Output as PPM piped through NetPBM pnmtopng to a PNG file.

# 5 Examples

# 5.1 Deep Field

Reconstruction of tavis’ Deep Field Nebulabrot location:

z-plane coordinates:
x0: 0.56208345369277852973
y0: 0.00000016540178571429
r0: 1e-8
iteration thresholds:
B:  60000 -   180000
G: 180000 -   600000
R: 600000 - 60000000
orbit density:
~460 orbits plotted (> 0 hits) per pixel

# 5.1.1 Results

Preprocessing gives 2065 cells in ~10 minutes.

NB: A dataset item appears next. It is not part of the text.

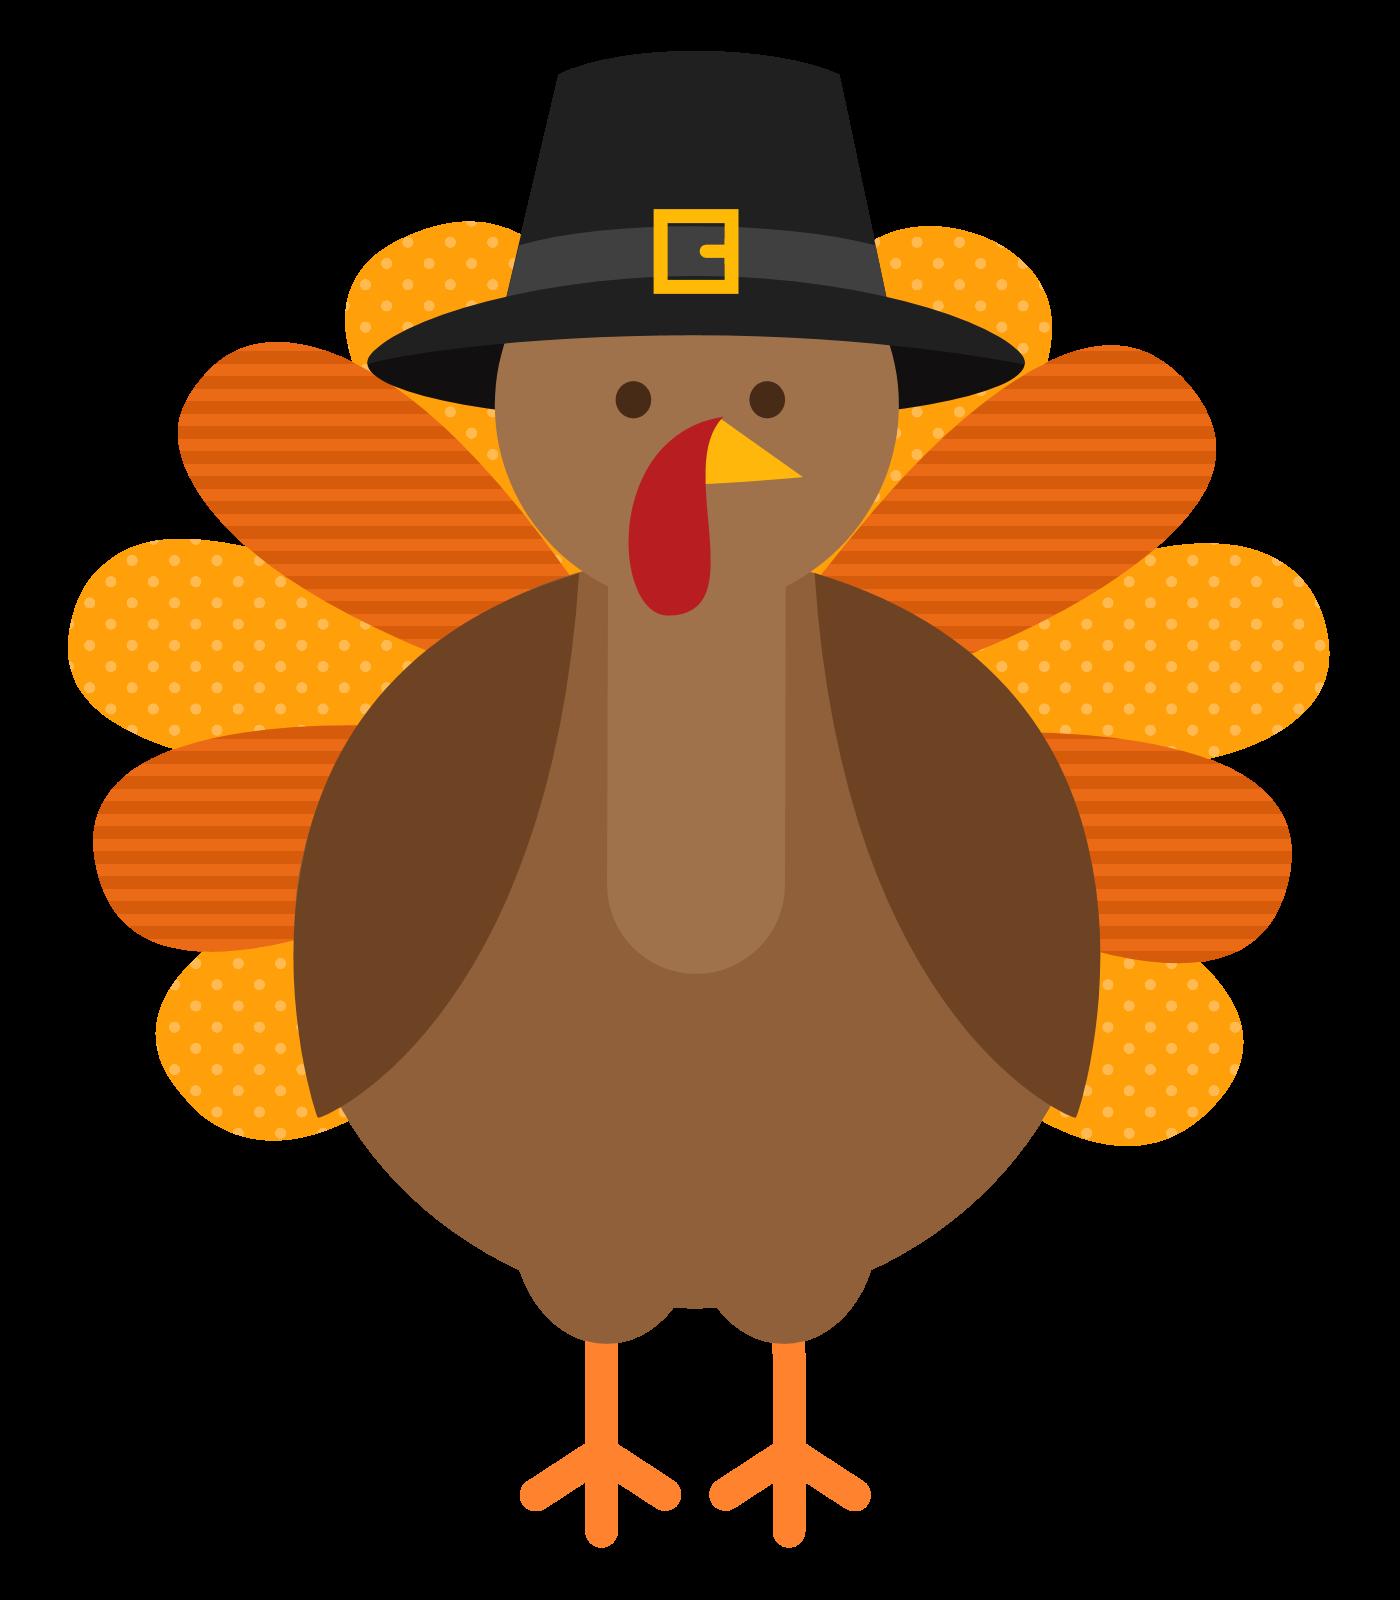 funny turkey clipart free - photo #38

Images after about 42mins (left) and 85mins (right) histogram computation wall-clock on laptop (decaf) with 16 threads.

# 5.1.1.1 64x64

level 06 42mins level 06 85mins

# 5.1.1.2 128x128

level 07 42mins level 07 85mins

# 5.1.1.3 256x256

level 08 42mins level 08 85mins

# 5.1.1.4 512x512

level 09 42mins level 09 85mins

# 5.1.1.5 1024x1024

level 10 42mins level 10 85mins

# 5.1.2 Convergence

progress

Use ImageMagick compare -metric NCC between images after doubling the number of tested orbits. Plot 1-ncc against orbits per pixel on a log-log scale, with line fitted with gnuplot.

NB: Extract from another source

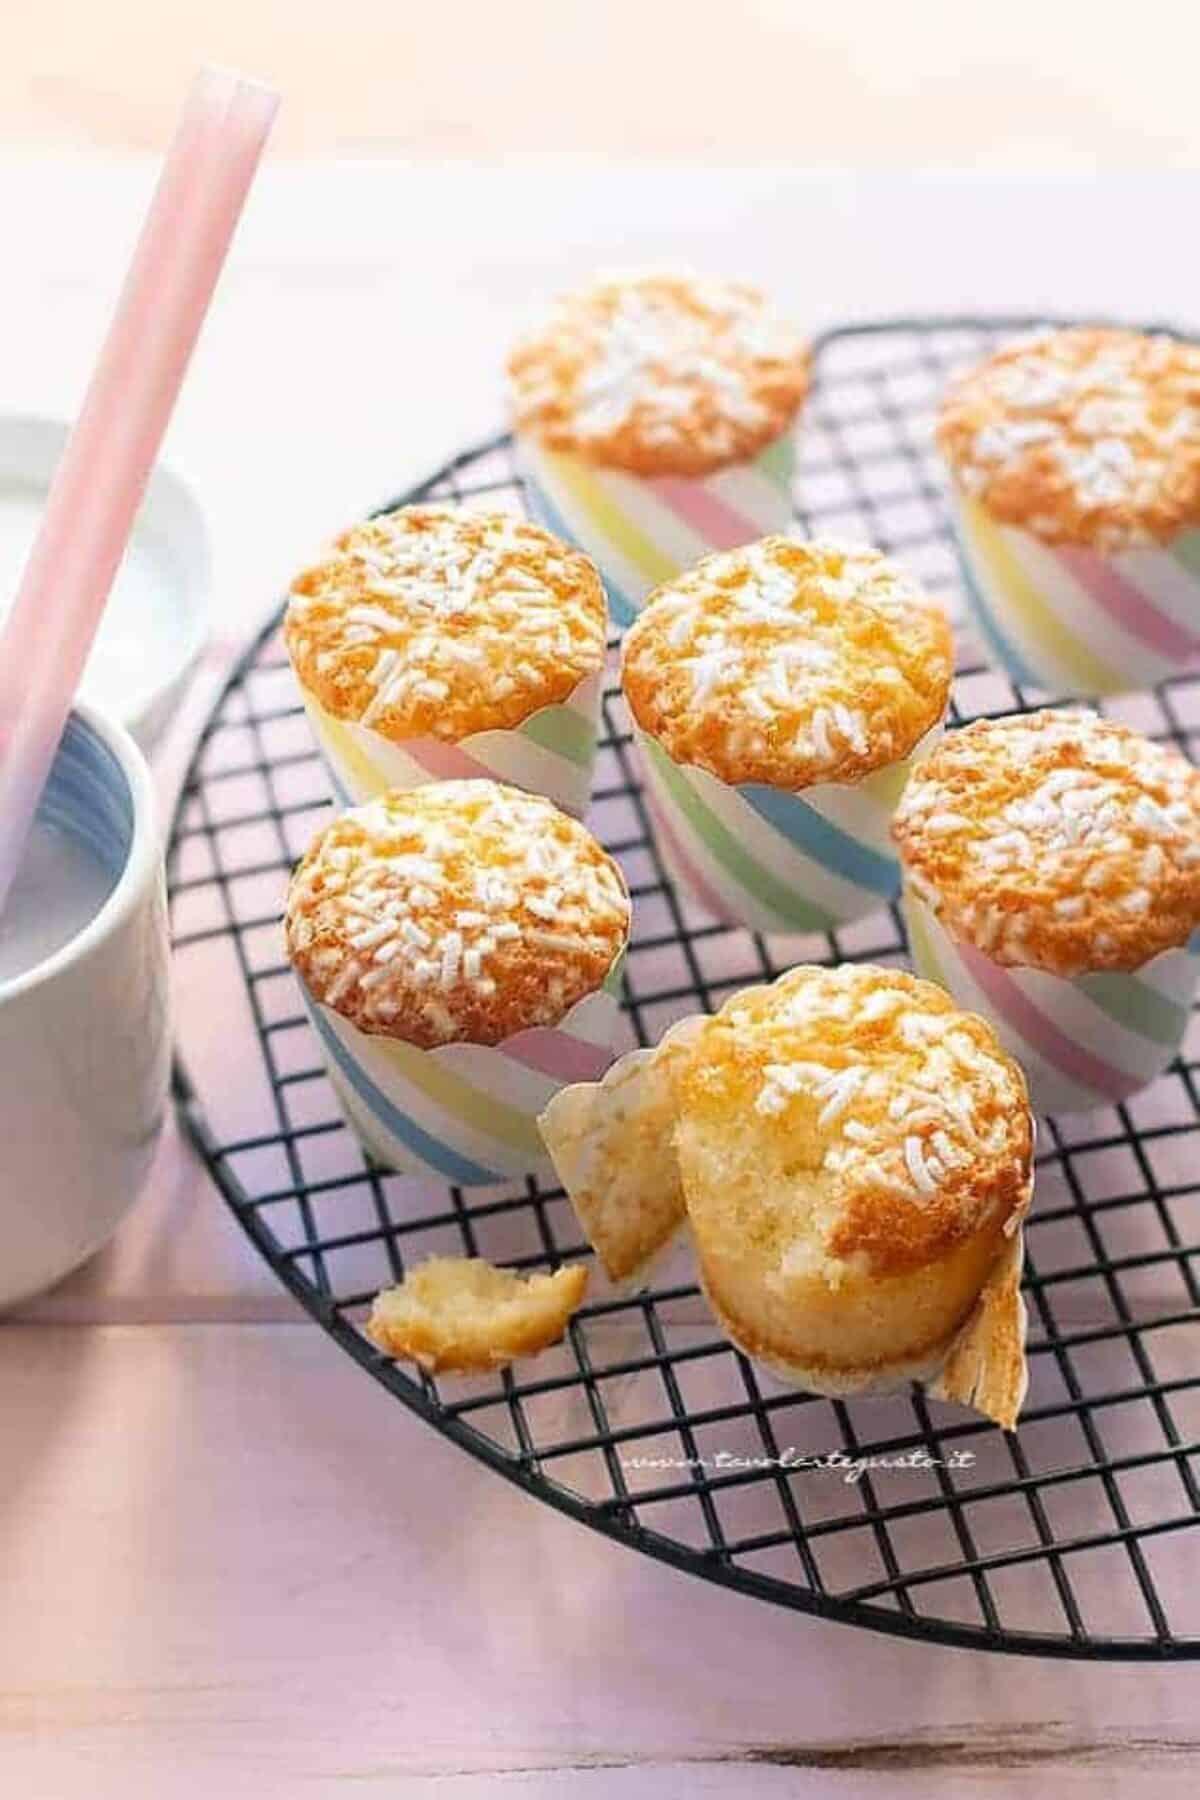 Ricetta Muffin Un Uovo.Muffin Allo Yogurt Sofficissimi E Senza Burro Ricetta Veloce

Fitted line has slope approximately -sqrt(1/8). This means halving 1-ncc requires increasing tested orbits per pixel by a factor of approximately 7.1.

The noise floor measured for 8-bit images is 1-ncc = 3.4×10-5. Full convergence down to the noise floor may take estimated 1027 orbits per pixel.

# 6 Implementation

# 6.1 Quick Start

git clone https://code.mathr.co.uk/nebuloculars.git
cd nebuloculars
mkdir out
cd out
../nebuloculars.sh

# 6.2 Components

Several programs make up the system:

  • neb-boxes-to-cells: convert boxes to cells

  • neb-cell-mapping: refine cells using cell mapping

  • neb-density: refine boxes using sampled hits

  • neb-distance-estimate: refine cells using distance estimates

  • neb-histogram: sample points from cells and accumulate hits. initial invocation creates histogram testing a million orbits, subsequent passes double the number of tested orbits.

  • neb-histogram-merge: merge histograms (e.g. after parallel processing on multiple machines)

  • neb-image: visualize cells as a 2D image

  • neb-noise-floor: generate image pairs suitable for measuring noise floor

  • neb-progress: process log data for curve fitting

  • neb-progress.gnuplot: graph log data

  • neb-split: split cells into several parts (e.g. before parallel processing on multiple machines; afterwards combine with cat)

  • neb-tonemap: visualize histogram as a 2D image

  • nebuloculars.sh: script to render image

All are subject to change with various hard-coded configurations. Various branches in the git repository have different features.